Well except I would probably add 700 and 116 or something, because my working memory fucking sucks and my brain drops digits very easily when there's more than 1

[–] Mac@mander.xyz 2 points 10 hours ago (1 children)

I wouldn't even attempt that in my head.
I can't keep track of things and then recall them later for the final result.

[–] HereIAm@lemmy.world 3 points 7 hours ago (1 children)

Pen and paper maths I'm pretty decent at, but ask me to calculate anything in my head and it's anyone's guess if I remembered to carry the 1 or not. Ever since learning about aphantasia I'm wondering if the lack of being able to visually store values has something to do with it.

[–] futatorius@lemm.ee 4 points 5 hours ago* (last edited 5 hours ago)

Ever since learning about aphantasia I’m wondering if the lack of being able to visually store values has something to do with it.

Here's some anecdotal evidence. Until I was 12 or 13, I could do absurdly complex arithmetical calculations in my head. My memory of it was of visualizing intermediate calculations as if they were on a screen in my head. I'd close my eyes to minimize distracting external stimuli. I'd get pocket money because my dad would get his friends to bet on whether I could correctly multiply two 7-digit phone numbers, and when I won, which I always did, he'd give the money to me. He had an old-school electromechanical calculator he'd use to check the results.

Neither of my parents and none of my many siblings had this ability.

I was able to use a similar visualization technique to memorize long passages of music and text. That stayed with me post-puberty, though again at a lesser extent. I've also been able to learn languages more quickly than most.

Once puberty kicked in, my ability to visualize declined significantly, though to compensate, I learned some mental arithmetics tricks that I still use now. I was able to get an MS in mathematics without much effort, since that relied on higher-level reasoning and not all that much on powerful memory or visualization. I didn't pursue a Ph.D. due to lack of money but I think I could have gotten one (though I despise academic politics).

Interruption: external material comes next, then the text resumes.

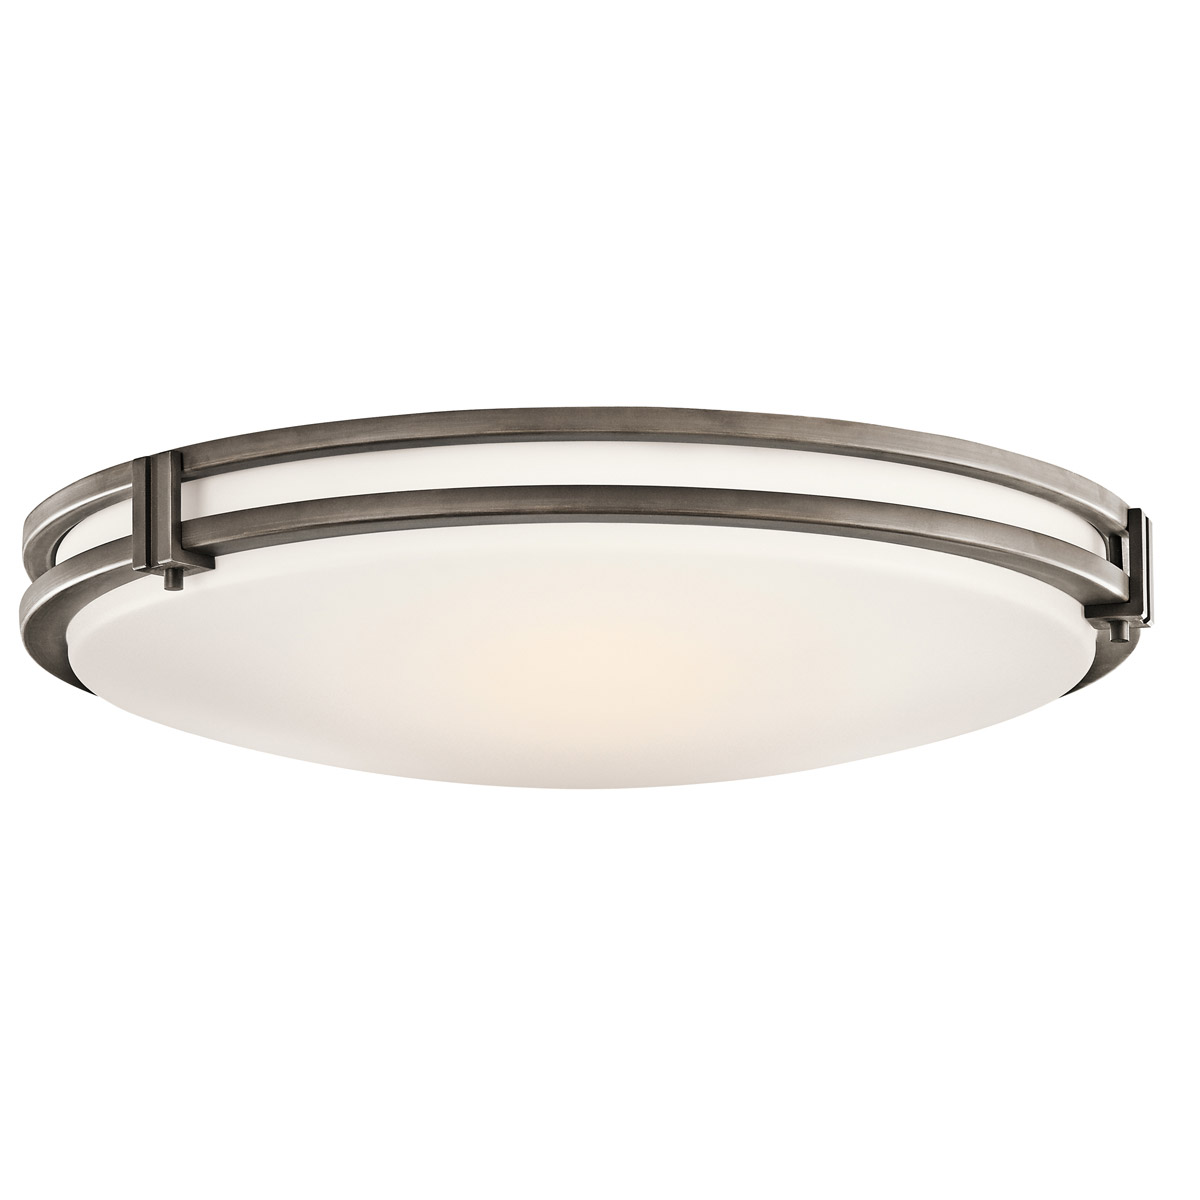 mounted ceiling lights photo - 3

So I think your comment about aphantasia is at least directionally correct, at least as applied to people. But there's little reason to assume LLMs would do things the same way a human mind does, though both might operate under some similar information-theoretic constraints that would cause convergent evolution.

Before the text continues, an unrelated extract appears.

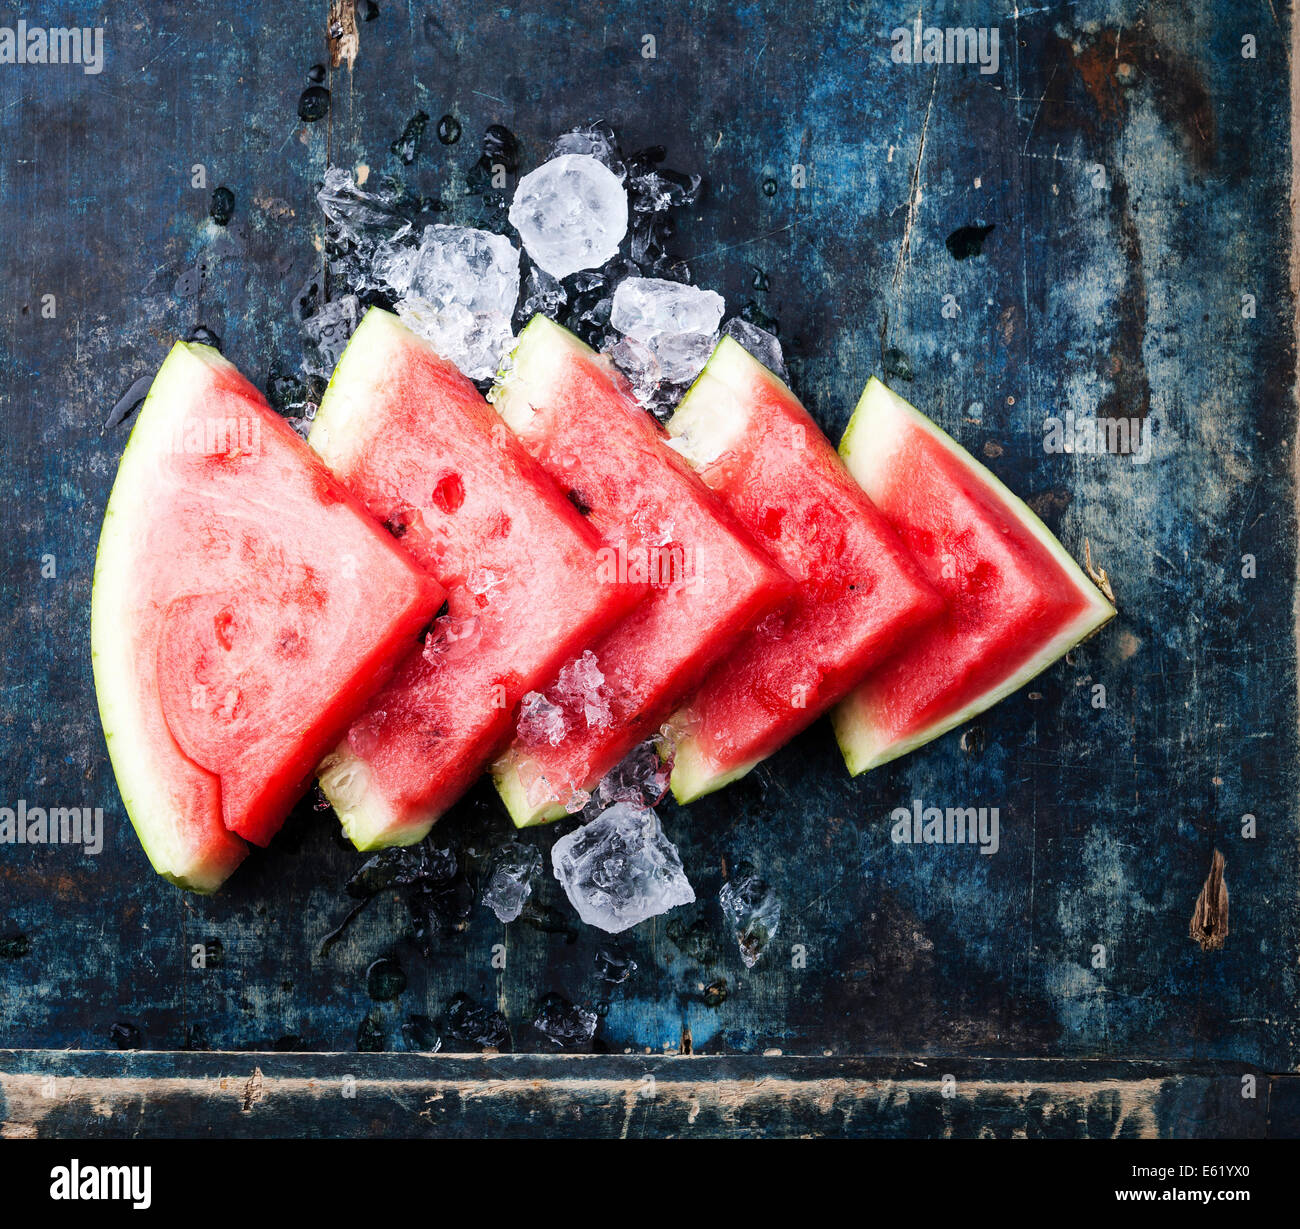 Watermelon slices and ice on blue background Stock Photo

[–] reev@sh.itjust.works 44 points 21 hours ago (3 children)

I think what's wild about it is that it really is surprisingly similar to how we actually think. It's very different from how a computer (calculator) would calculate it.

So it's not a strange method for humans but that's what makes it so fascinating, no?

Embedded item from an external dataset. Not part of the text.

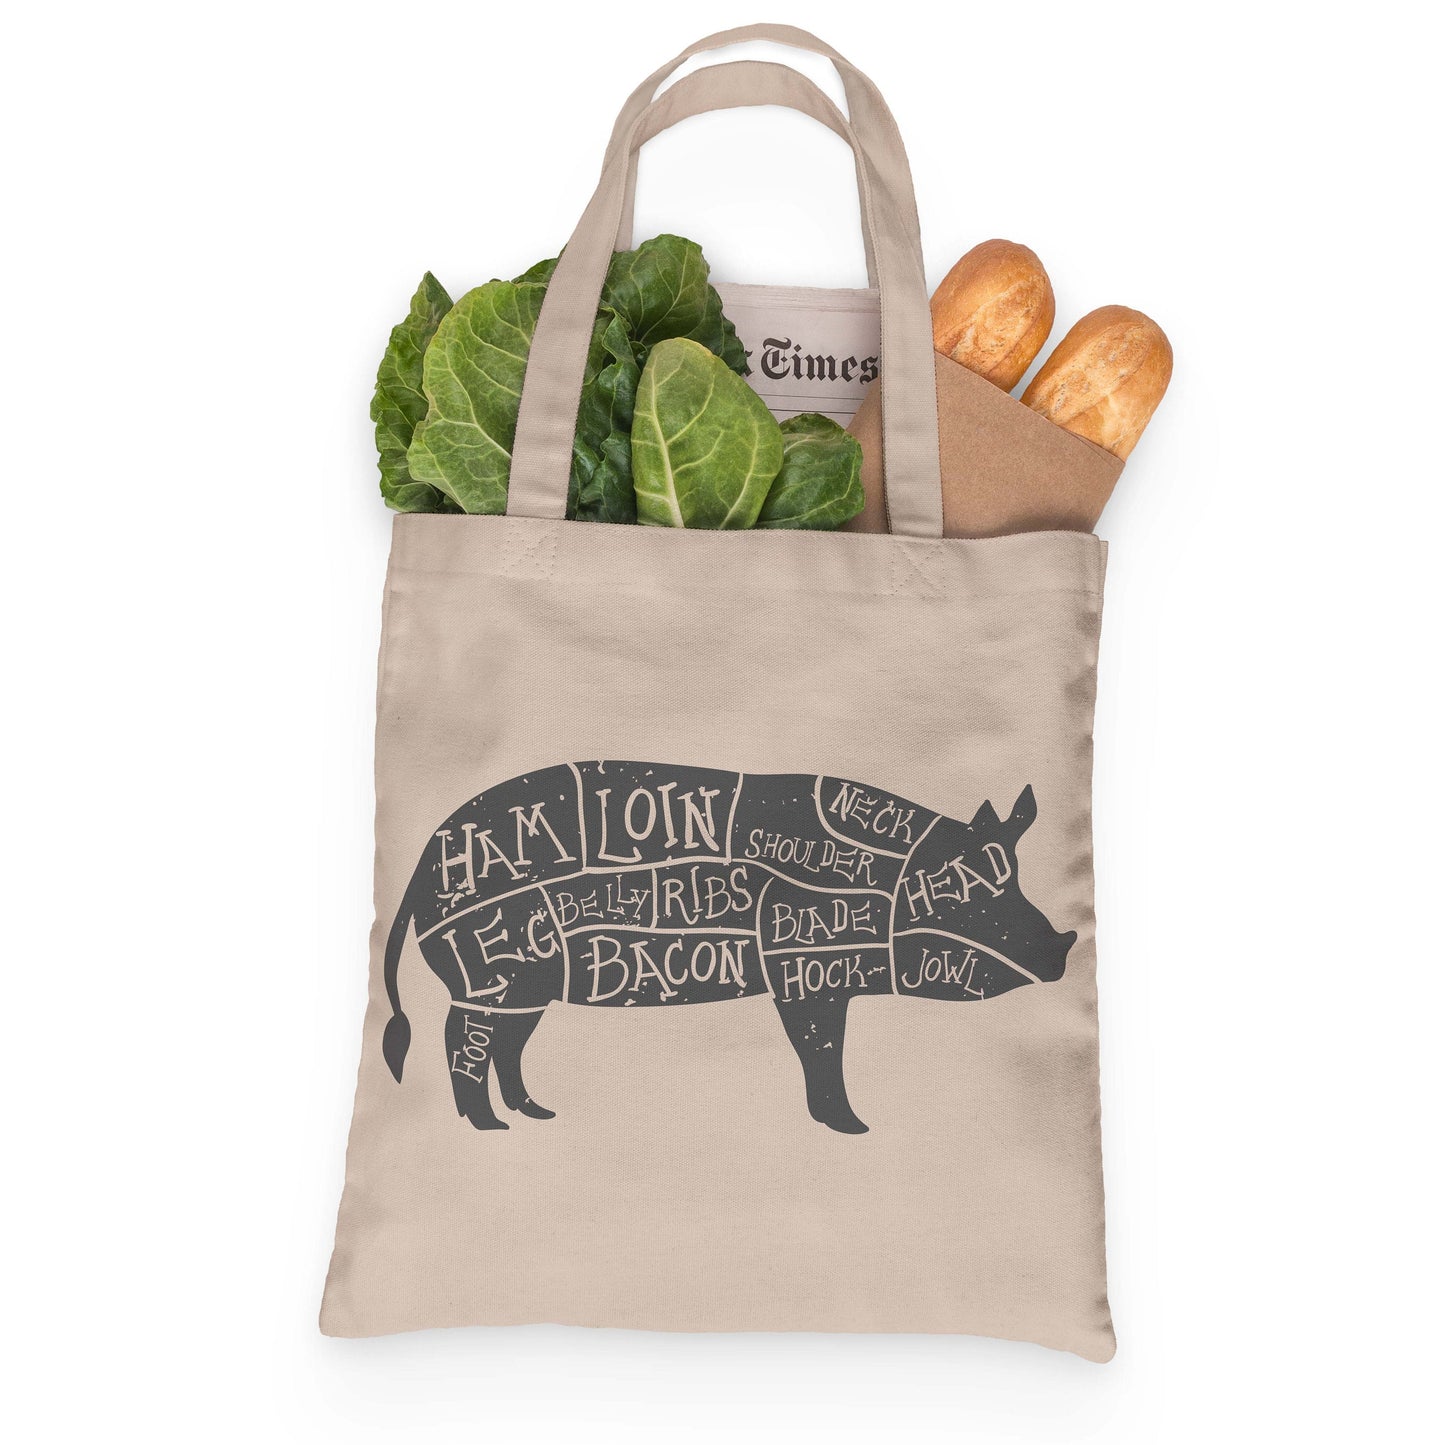 Vintage Butchers Pig Tote 100% Cotton Fun Grocery Tote, Book Tote. Premium Cotton Canvas 15.5" by 19.5 " with 5" Gusset, Cuts of Meat

[–] PlexSheep@infosec.pub 2 points 5 hours ago

I mean neural networks are modeled after biological neurons/brains after all. Kind of makes sense...

[–] pulsewidth@lemmy.world 2 points 9 hours ago

Yes, agreed. And calculators are essentially tabulators, and operate almost just like a skilled person using an abacus.

We shouldn't really be surprised because we designed these machines and programs based on our own human experiences and prior solutions to problems. It's still neat though.